Cornelius reported that the principal, when they talked together, told her son, “I wish I had an answer for you. But unfortunately, this was just something that happened. There was no event or discussion or aspect of bullying that occurred that made the individual feel that way.”
New school year
This week, Cornelius told The Enterprise of herself and the other parents whose children were on the list, “We have never all been brought together to talk about it or even individually.
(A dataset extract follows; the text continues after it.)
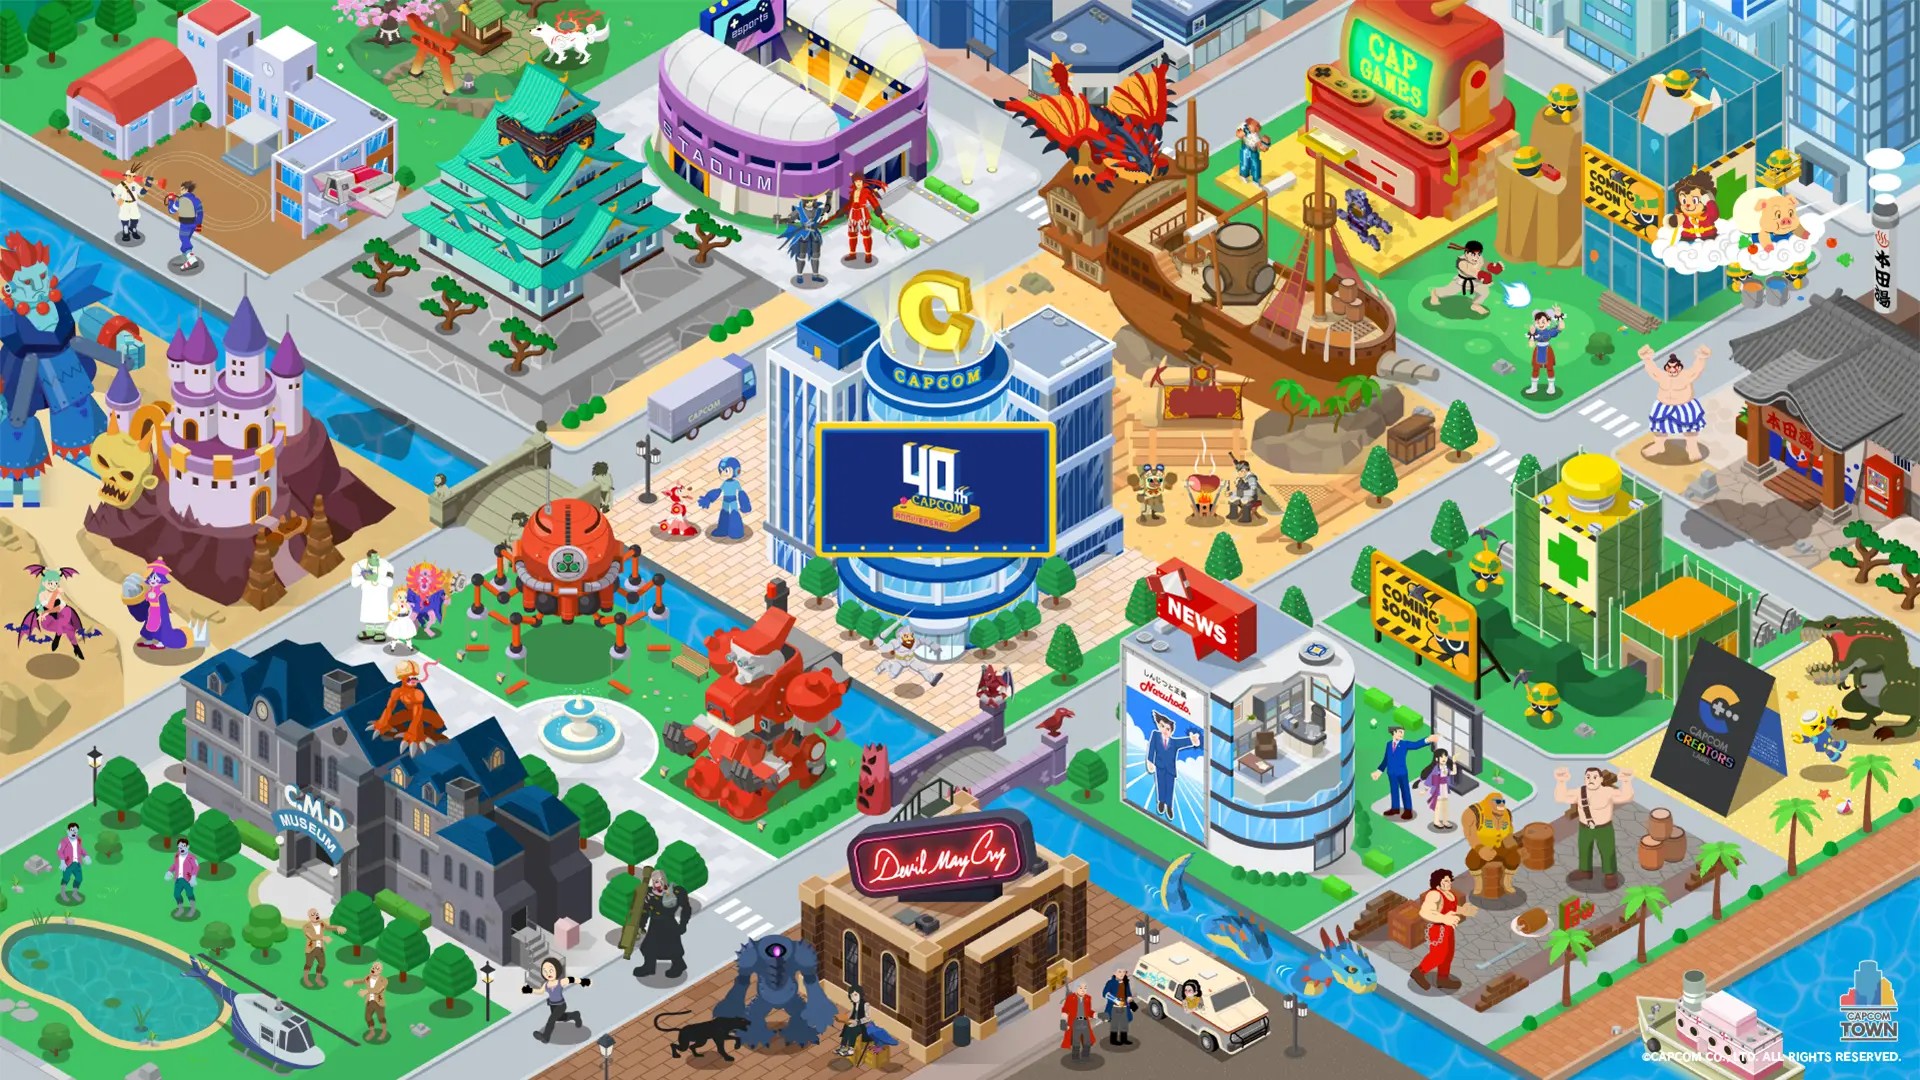 Capcom Town recebe três novos jogos retrô gratuitos e textos em

We have never been spoken to, aside from that initial notification on February 1st.”
She believes the school should have notified the parents involved that the boy who wrote the list and had not attended classes at the middle school after his arrest, was returning to school.
“The child was not to return,” she said.
Asked about this, Wiles told The Enterprise, “I’ve heard that through the grapevine. … I found no record of anyone saying that.”
She said there was no directive from her office on the matter.
Wiles also noted that Guilderland, by law, is obligated to provide a free and appropriate education to any child living in the district from the age of 5 to 21.
Cornelius said, “The only form of reassurance that we got is that the two children — being my son and the individual that is returning — they do not share any classes together. The school would not confirm if this child was sharing any classes with any of the other students on the list.”
Cornelius went on, about her son, “He knows there is a possibility that they may see one another in the hall and they may share a lunch period. They could not confirm if the child would be in the same lunch period or not.”
Cornelius concluded of her son, “He’s trying to put his best foot forward and just move through and focus on school and focus on sports and try to just make it as best as he possibly can.”
Wiles said that the district’s top priority is student safety.
She noted that there are medical health providers in each of the district’s seven school buildings; there are also school psychologists, social workers, counselors, and therapy dogs.
In addition, curricula, starting with the Positivity Project at the five elementary schools, stresses the importance of mental well-being — “the positive way to look at life and work through the difficulties everyone faces,” said Wiles.
She noted the added stressors modern students face, with the impact of smartphones and social media, which are not unique to Guilderland.
The district is committed to keeping everyone — staff as well as students — safe, said Wiles.
On the first day of school, Wiles said, she was particularly cognizant of the important work involved in making school a safe and welcoming place for all children to be successful in later life.
“We appreciate how parents feel about handing off their children for us to keep them safe … It has been and continues to be our top priority,” Wiles said of 3,000 families entrusting the safety of their 5,000 children to the Guilderland schools.